Which flask has the solution with the lowest freezing point

Chemistry
1 answer:
scZoUnD [109]3 years ago
8 0

Answer:

Here's what I get  

Explanation:

Assume you have 0. 1 mol·kg⁻¹ solutions of A) KCl, B) CH₃OH, C) Ba(OH)₂, and D) CH₃COOH.

The formula for freezing point depression is

\Delta T_{f} = iK_{f}b

Where

  b = the molal concentration

K_f = the freezing point depression constant

    i = the van't Hoff i factor

The i-factor is the number of solute particles produced by one formula unit of the substance.

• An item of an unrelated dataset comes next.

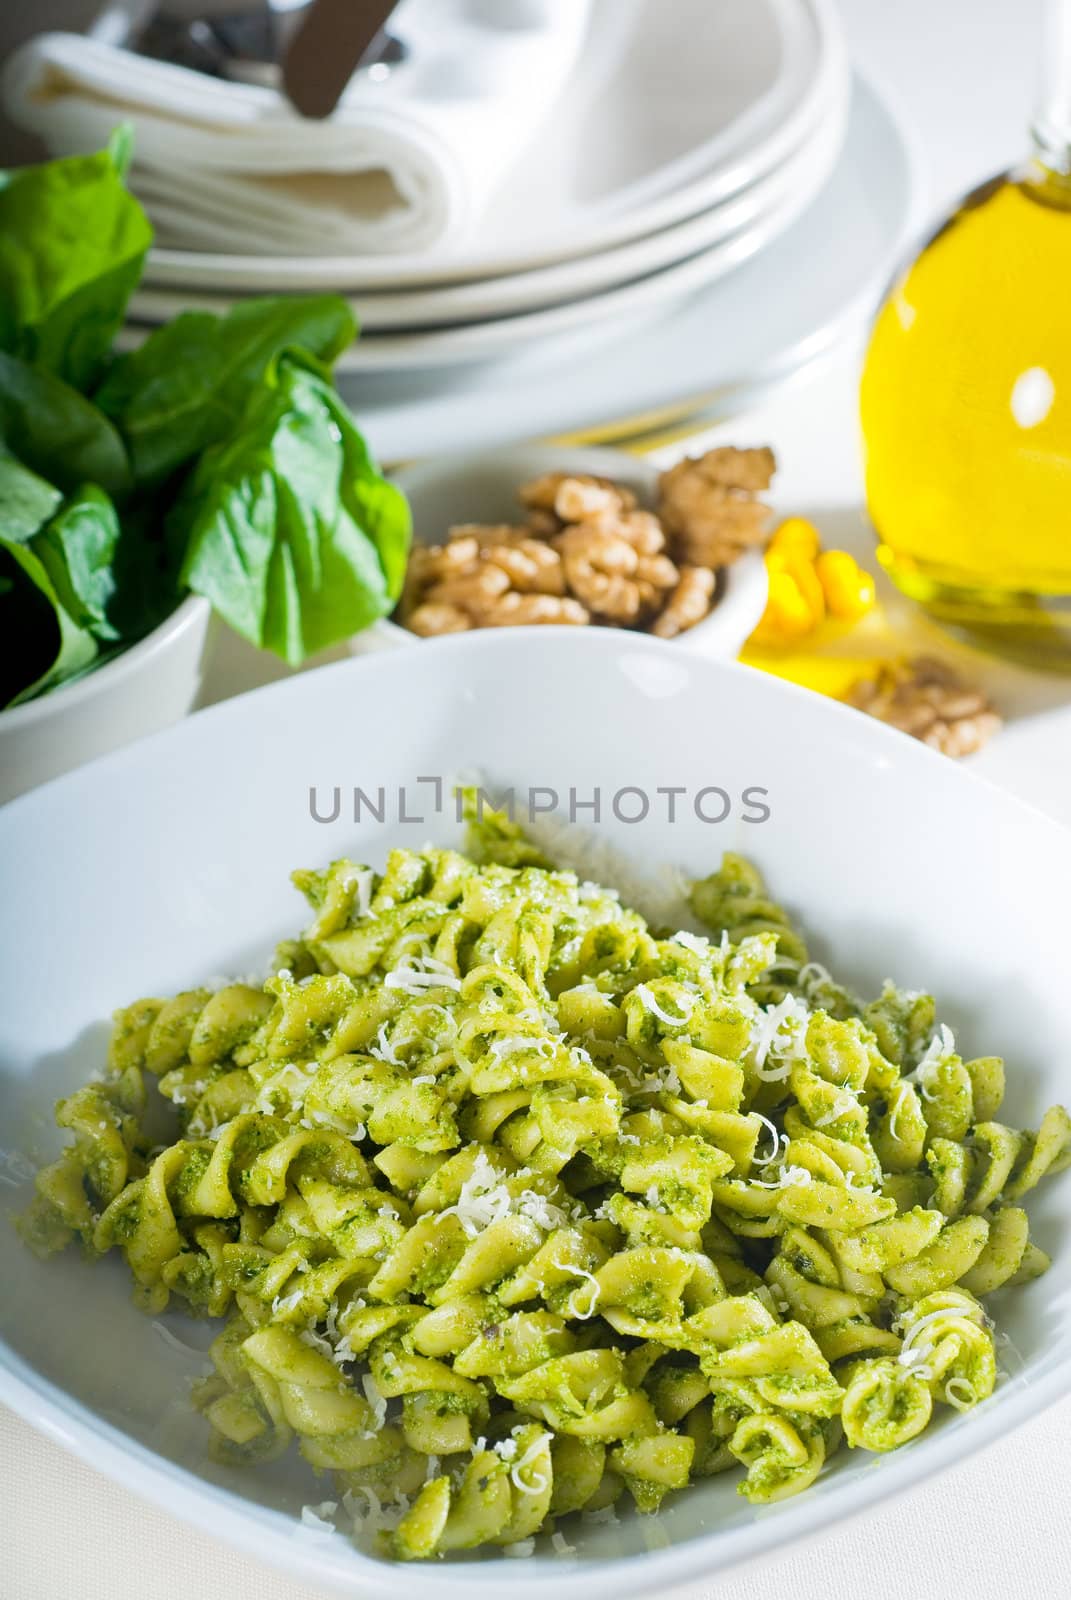 italian fusilli pasta and pesto by keko64

The only difference in the solutions is the i-factor of the solutes.

A) KCl

KCl(aq) ⟶ K⁺(aq) +Cl⁻(aq); i = 2

B) CH₃OH

Methanol is a nonelectrolyte.

CH₃OH(aq) ⟶ CH₃OH(aq); i = 1

C) Ba(OH)₂

Ba(OH)₂(aq) ⟶ Ba²⁺(aq) + 2OH⁻(aq); i = 3

D) CH₃COOH

CH₃COOH(aq) ⇌ CH₃COO⁻(aq)+ H⁺(aq); i ⪆ 1

The Ba(OH)₂ solution has the greatest i-value. It therefore has the greatest freezing point depression and the lowest freezing point.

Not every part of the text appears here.